Jones v. State

Bloodworth, J.

The defendant was convicted of assault with intent to murder. The motion for a new trial contains only the usual general grounds. In the brief of counsel for the plaintiff in error it is insisted that “ there is no satisfactory evidence as to the identity of the defendant as a.party who made the assault. . . In connection with this evidence the testimony shows undoubtedly that the defendant was not the man, because thirty minutes after the alleged assault he was at work at the very place where the assault was made. . . Take this evidence in connection with the evidence offered by the defendant tending to show an alibi, and it must be conceded that there is no substantial or satisfactory evidence showing beyond a reasonable doubt that the defendant was the man who committed the assault.” The question of the identity of the defendant was one to be settled by the jury under the evidence. The person who was assaulted testified: “I know he is the negro.” The assault happened “about five minutes after 12 o’clock.” At the place where the person assaulted was found there was “ about a hatfull of blood.” The accused was arrested “ a little after one o’clock,” and “there was fresh blood on his shirt.” The officer who arrested the accused testified: The defendant “ told me that he did this. I did not threaten him.”

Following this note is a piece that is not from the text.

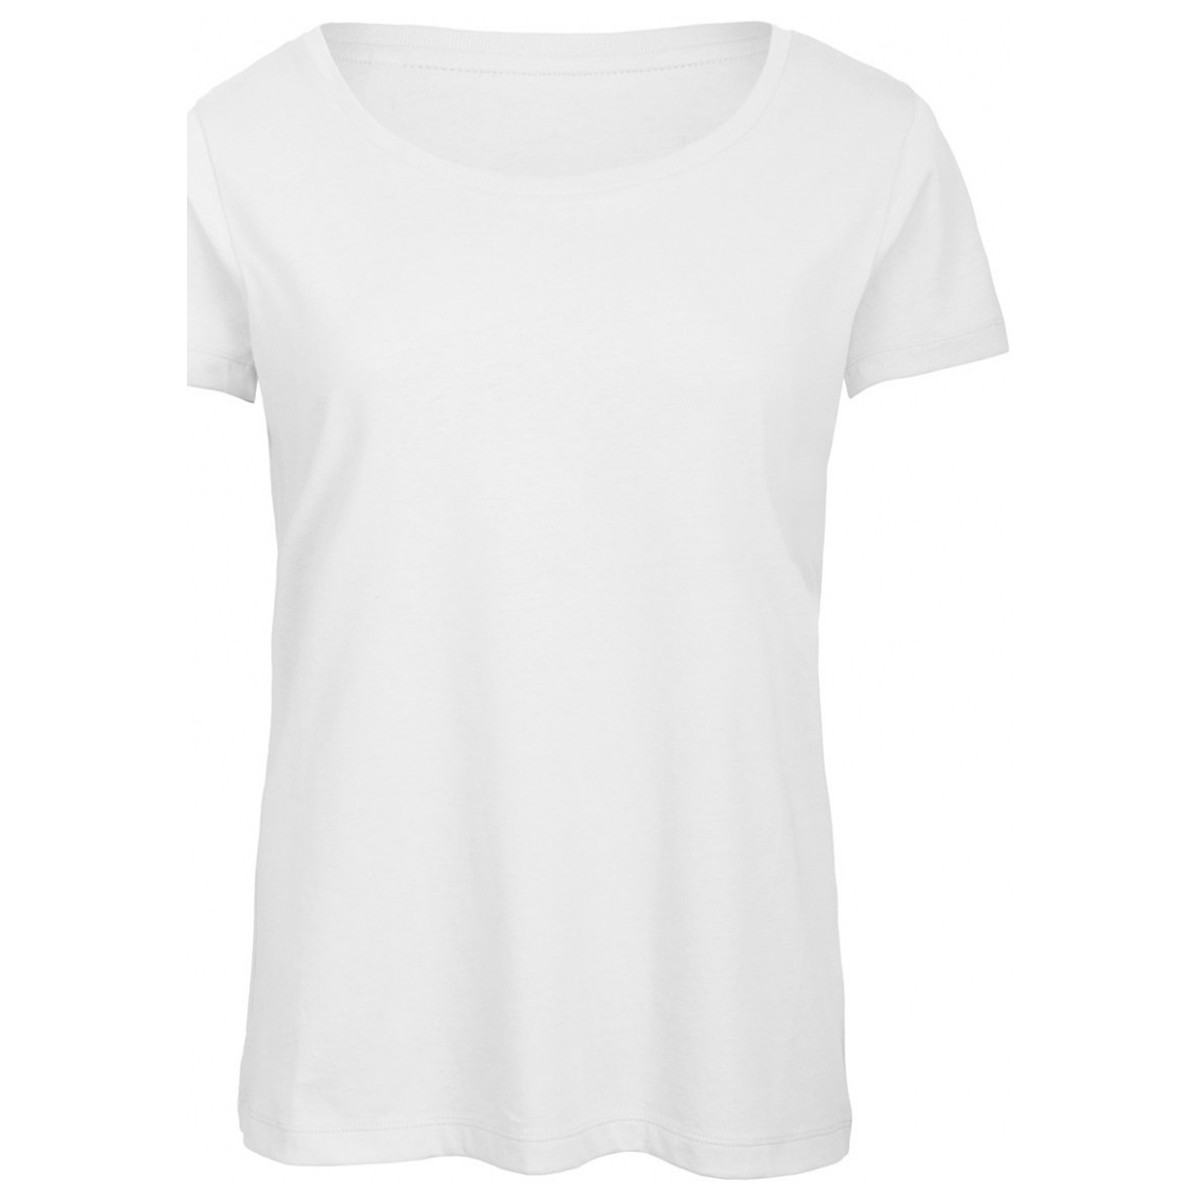 Vêtements Femme T-shirts manches longues B And C TW056 Blanc

“ Under the facts as disclosed by the record this court cannot say that the verdict of the jury is without support from the testimony or so far contrary to it as to authorize this court to determine that the trial j'udge abused his discretion in refusing to grant a new *251trial. The law allows him to refuse or grant new trials in the exercise of a legal discretion, but it does not give this court any discretion in the matter. It can only grant new trials when errors of law hav.e been committed, or when the trial judge has abused his discretion in refusing a new trial.” Smith v. State, 91 Ga. 188 (17 S. E. 68). See also Bradham v. State, 21 Ga. App. 510 (94 S. E. 618), and cit.

Judgment affirmed.

Broyles, C. J., and Luke, J., concur.